Creates a Lisp class, and potentially some or all the superclasses as needed based on the tree.

Package

lw-ji

Signature

ensure-lisp-classes-from-tree lisp-name java-class-tree force-p => class

Arguments
lisp-name
A symbol.
java-class-tree
A tree.
force-p
A generalized boolean.
Values
class
A class metaobject.
Description

The function ensure-lisp-classes-from-tree creates a class for lisp-name, and potentially some or all the superclasses as needed based on the tree. Note that all references to "class" here are to Lisp classes. ensure-lisp-classes-from-tree does not actually know anything about Java.

ensure-lisp-classes-from-tree appears the output of the importing interface functions, where it is called with the output of get-superclass-and-interfaces-tree. Users can use it as well, but normally using plain defclass is much more appropriate.

java-class-tree is a tree representing the hierarchy of the Java classes.

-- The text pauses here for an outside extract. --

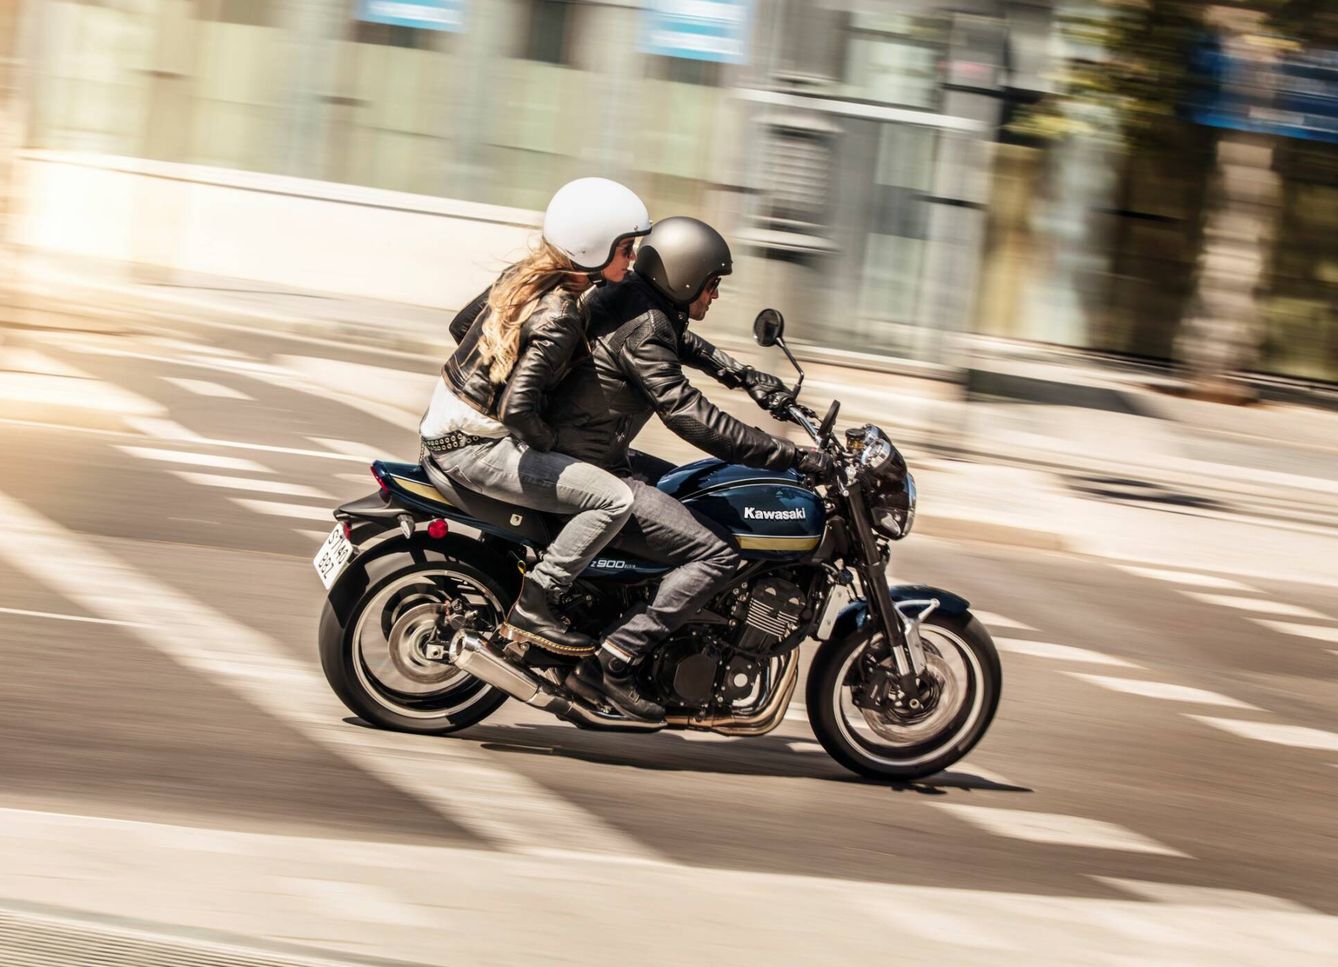 La Z900RS, única moto 'de verdad' entre los 10 modelos más vendidos en España, destaca por una magnífica ergonomía.
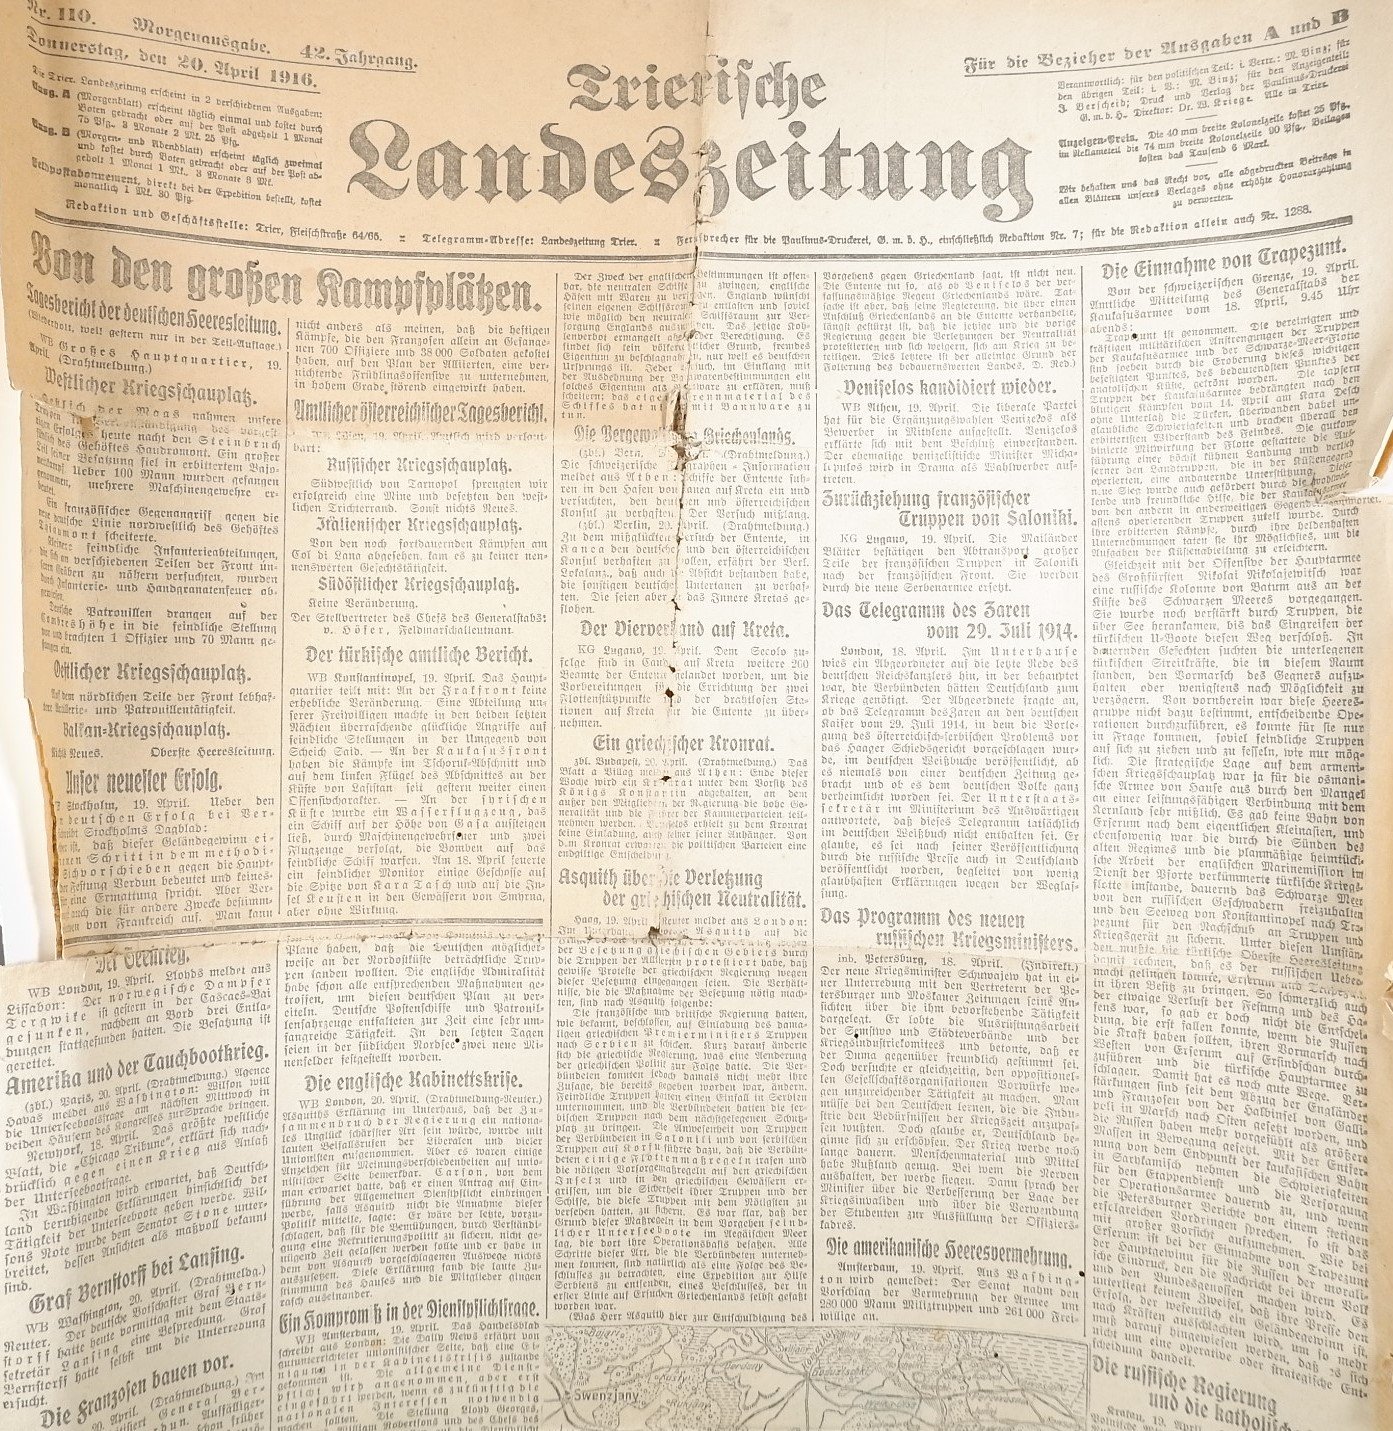 Trierische Landeszeitung 20. April 1916 (Volkskunde- und Freilichtmuseum Roscheider Hof RR-F)

The structure of the tree is describe in the documentation for get-superclass-and-interfaces-tree. In general it is assumed that this tree was generated by get-superclass-and-interfaces-tree, but you can generate it yourself if you find it useful, but normally simply using defclass to define the classes you want is better.

force-p controls whether to force classes to exist or not.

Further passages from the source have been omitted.